There is currently no regulatory system in place for large technology enterprises. Corporate leaders “can’t have it both ways, denying responsibility for AI’s detrimental implications while simultaneously resisting government control,” says Sandel and adds that “we can’t expect that market forces by themselves can sort it out”.
There is a discussion of regulating tools to control the fallout, but there is no agreement on how to proceed. The European Union has made an attempt with the AI Act. The regulation categorizes AI applications into three risk categories. Secondly, programs and systems that pose an unacceptable danger, such as Chinese government-run social scoring, are prohibited. Second, high-risk apps, such as a CV-scanning tool that evaluates job candidates, must follow strict regulatory guidelines. Finally, applications that are not specifically prohibited or labeled as high-risk are mostly uncontrolled.

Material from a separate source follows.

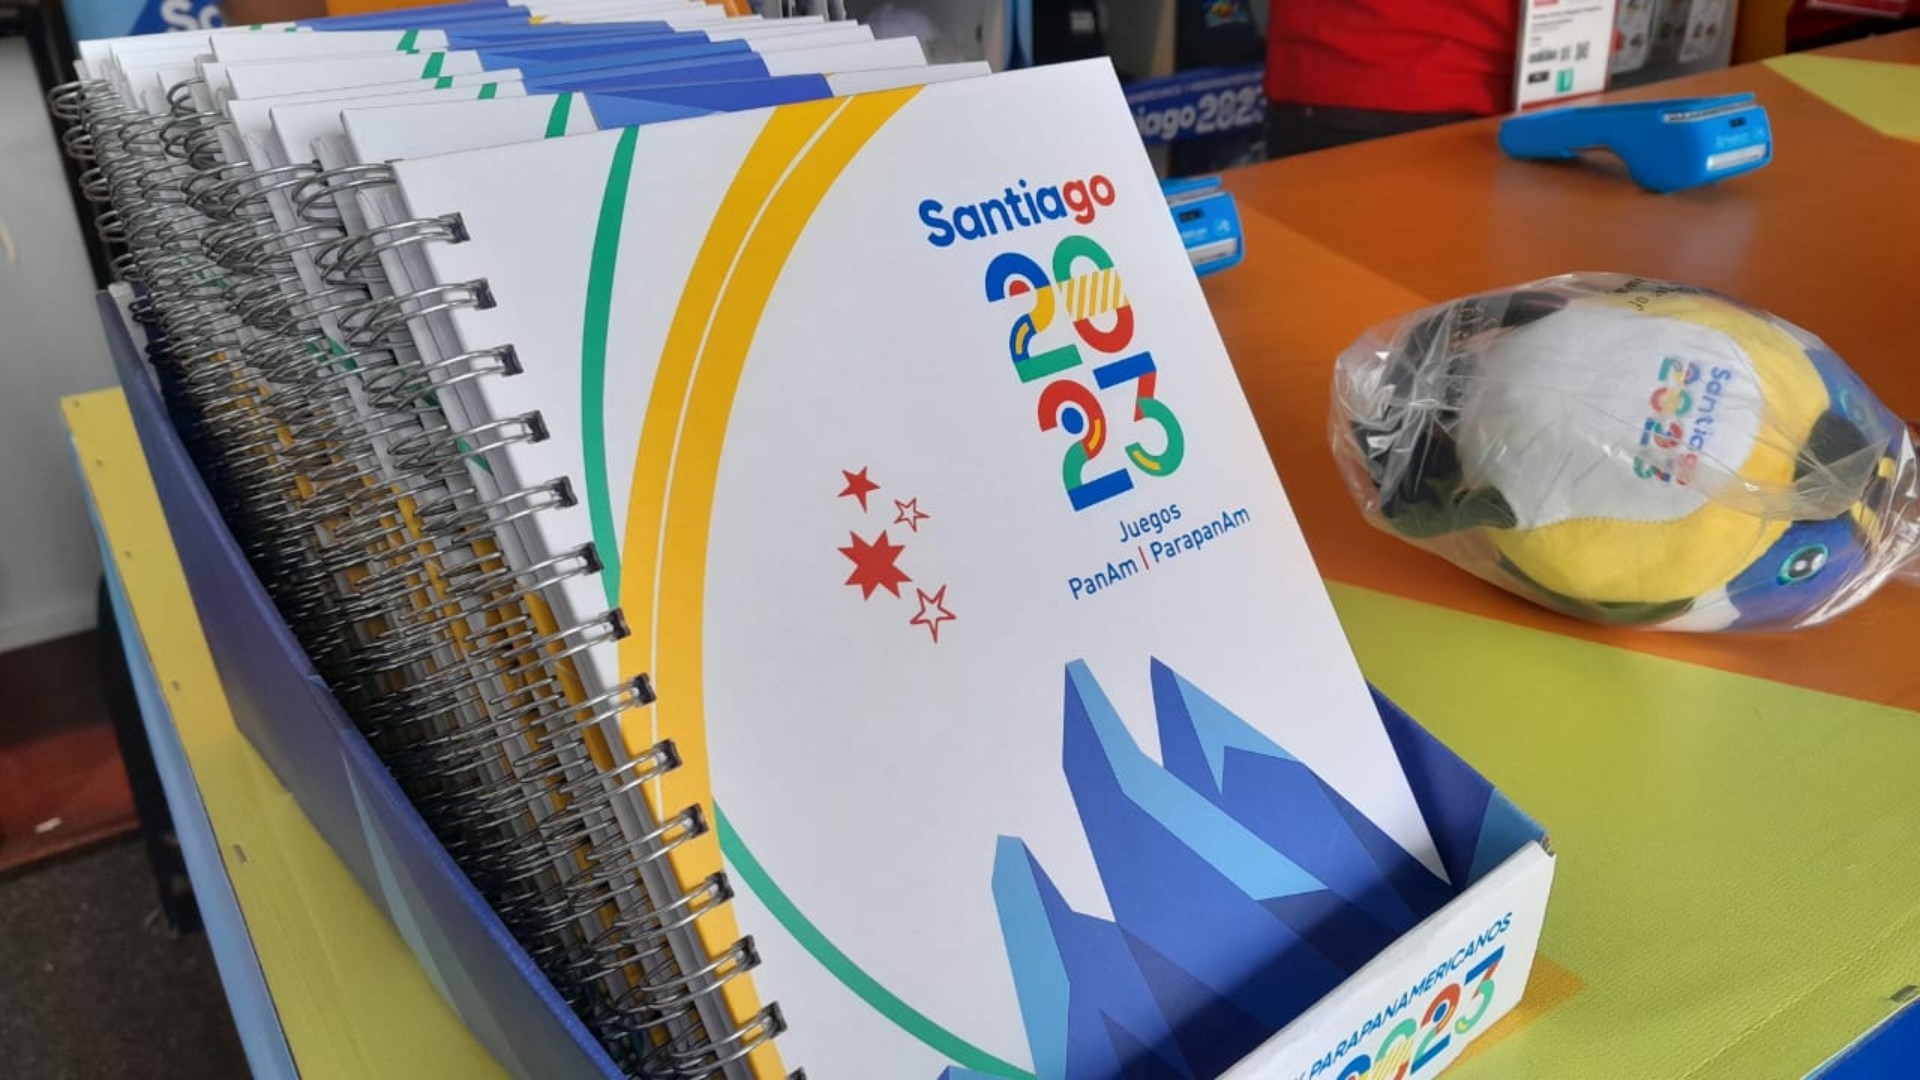 Llévate una parte de Santiago 2023 a casa: qué puedes encontrar en la tienda oficial de los Juegos

It suggests safeguards for AI applications that have the potential to harm humans, such as systems for grading tests, recruiting, or supporting judges in decision-making. The Bill seeks to limit the use of AI for calculating people’s reputation-based trustworthiness and the use of face recognition in public settings by law enforcement agencies. The Act is a solid start, but it will encounter problems before it becomes a final text, and much more before it becomes law. IT businesses are already apprehensive of it, concerned that it could cause problems for them. Nonetheless, this Act has piqued the curiosity of many nations, with the United Kingdom’s AI plan embracing ethical AI development and the United States debating whether to regulate AI technology and real-time face recognition at the federal level.
Large big businesses are pushing the boundaries in quest of cutting-edge technology, transforming themselves into digital sovereigns with a global presence and inventing new game rules. Although governments will do their part, firms may contribute by developing a code of ethics for AI research and hiring ethicists to help them think through, create, and update the code of ethics on a regular basis. They can also serve as watchdogs, ensuring that the code is followed and pointing out deviations from it.
There will be social and cultural issues driving different countries’ responses to AI regulation, and in this scenario, Poppy Gustafsson, CEO of AI cybersecurity company Darktracesuggestion,’s of forming a “tech NATO” to combat and contain increasing cybersecurity dangers appears to be the way forward.